Advanced Television

Study: “YouTube to blame for Flat Earthers”

February 18, 2019

A research study conducted by Texas Tech University has revealed that YouTube is the biggest culprit in the rise of “Flat Earthers” – a growing community of people who worryingly believe that the Earth is flat.

The researchers interviewed 30 attendees at a Flat Earthers annual conference in North Carolina, US – and all but one suggested they bought into the theory as a result of watching YouTube videos on the subject.

“The only person who didn’t say this was there with his daughter and his son-in-law and they had seen it on YouTube and told him about it,” said Asheley Landrum, who led the research.

The interviews revealed that most had been watching videos about other conspiracies, with alternative takes on 9/11 and the moon landing among others, when YouTube offered up Flat Earth videos for them to watch next.  Some said they watched the videos only in order to debunk them but soon found themselves won over by the material.

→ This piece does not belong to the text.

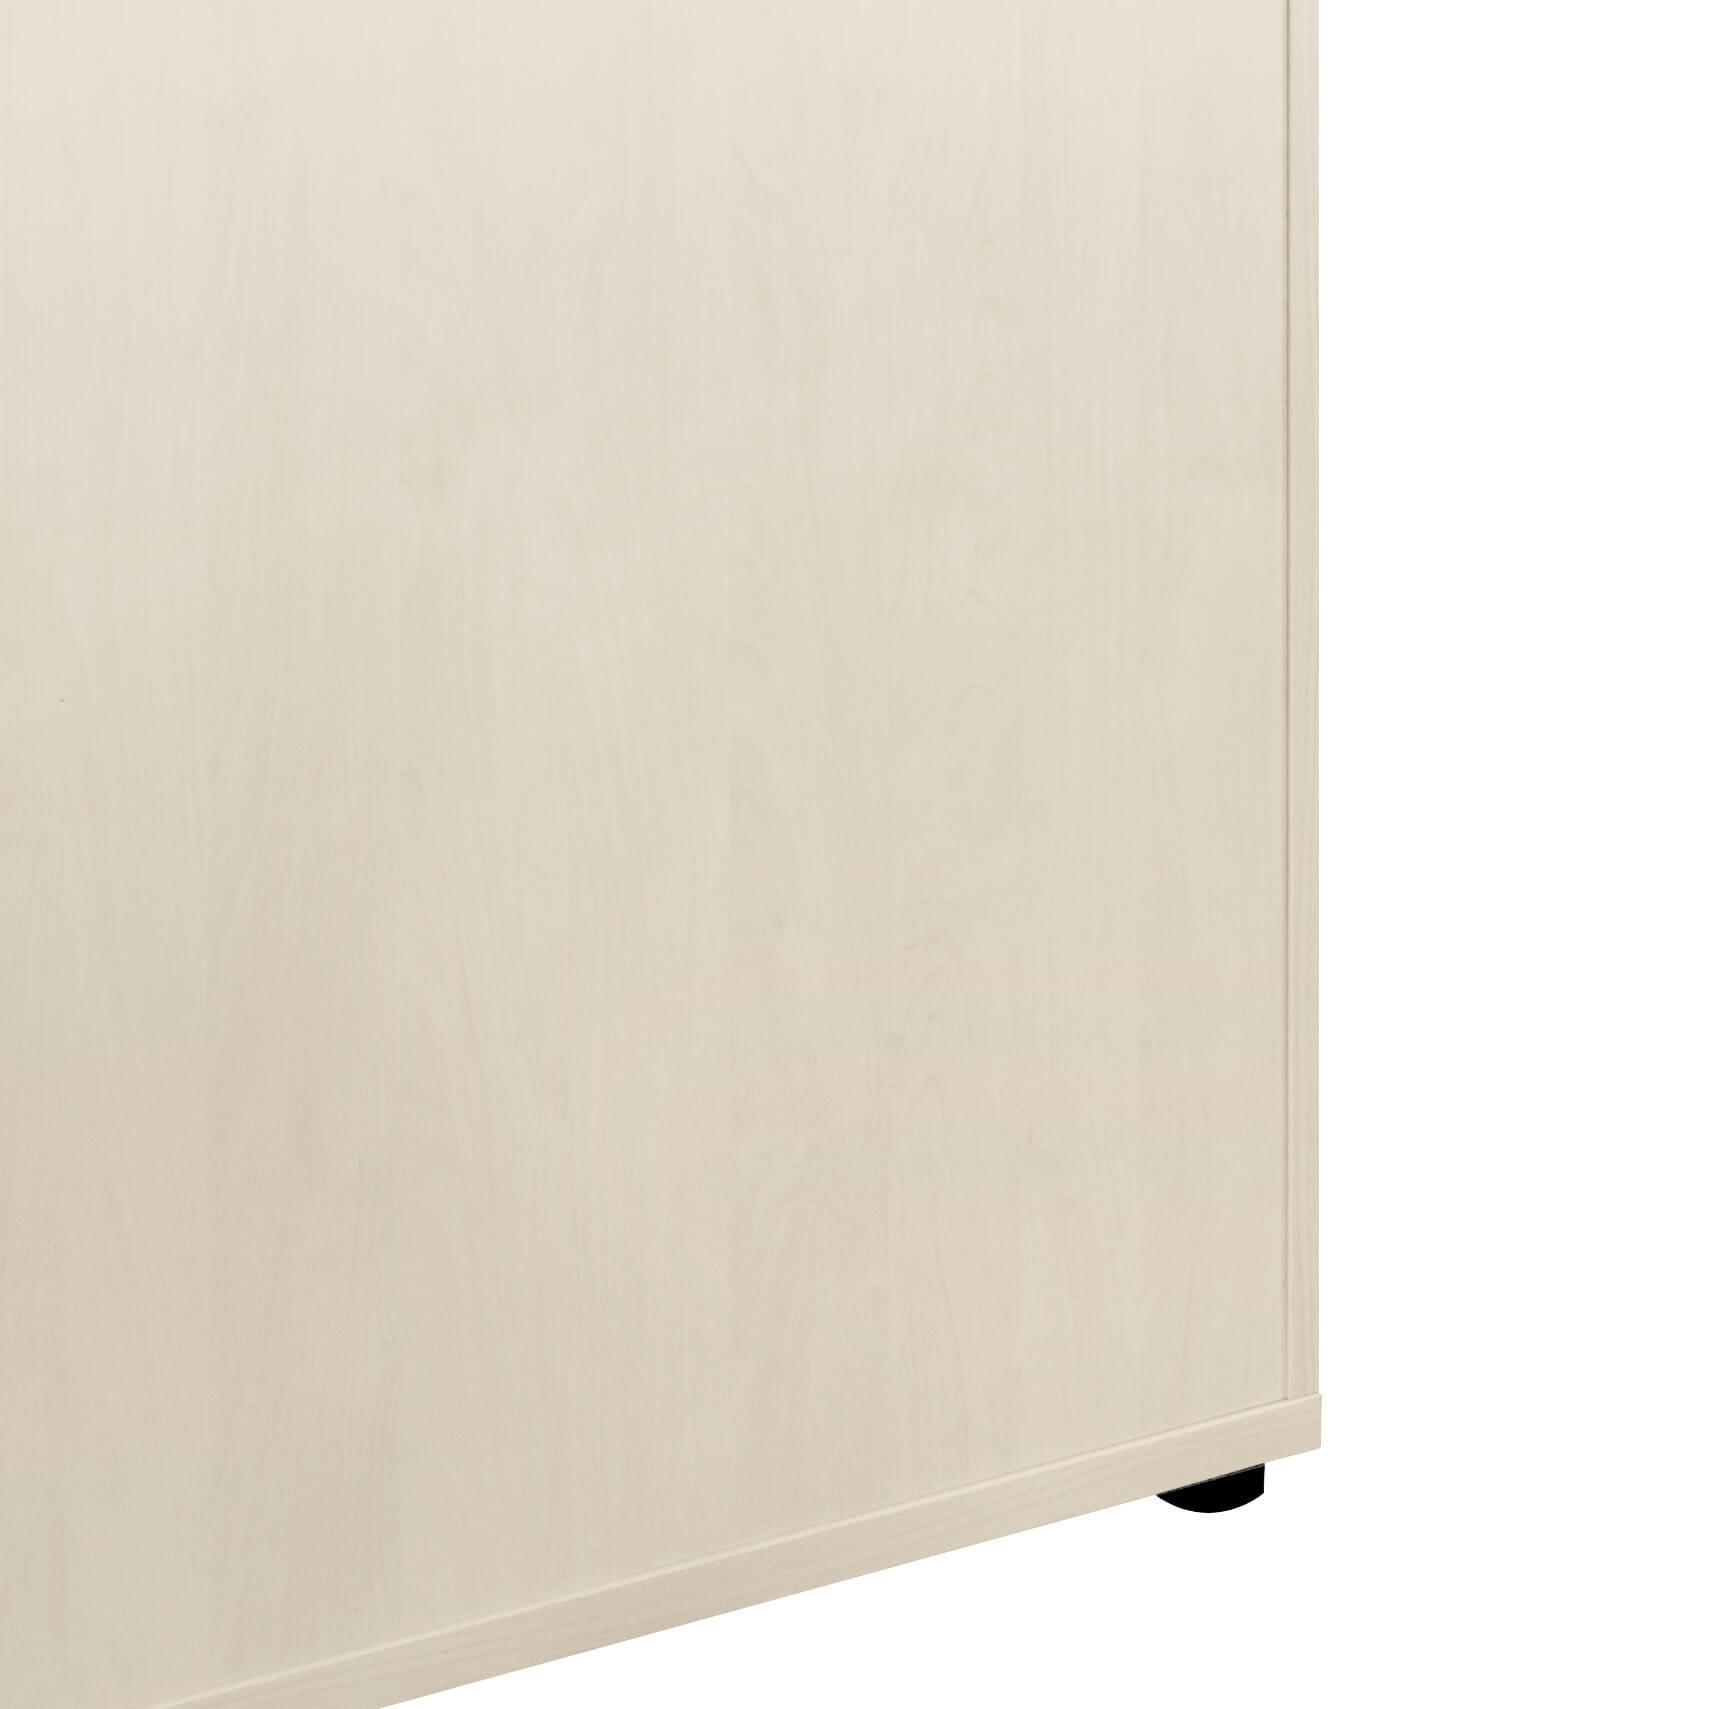 UNI Aktenschrank 1,2M abschließbar 3 OH Weiß-Ahorn Büroschrank Schiebetürenschrank

“There’s a lot of helpful information on YouTube but also a lot of misinformation,” Landrum said, commenting on the research findings. “Their algorithms make it easy to end up going down the rabbit hole, by presenting information to people who are going to be more susceptible to it.”

“Believing the Earth is flat in of itself is not necessarily harmful, but it comes packaged with a distrust in institutions and authority more generally,” she added. “We want people to be critical consumers of the information they are given, but there is a balance to be had.”

Landrum called on scientists and others to create their own YouTube videos to combat the proliferation of conspiracy videos. “We don’t want YouTube to be full of videos saying here are all these reasons the Earth is flat. We need other videos saying here’s why those reasons aren’t real and here’s a bunch of ways you can research it for yourself.”

“There’s always going to be a small percentage of people who will reject anything that scientists put out there but maybe there’s a group in the middle that won’t,” she concluded. “The only tool we have to battle misinformation is to try and overwhelm it with better information.”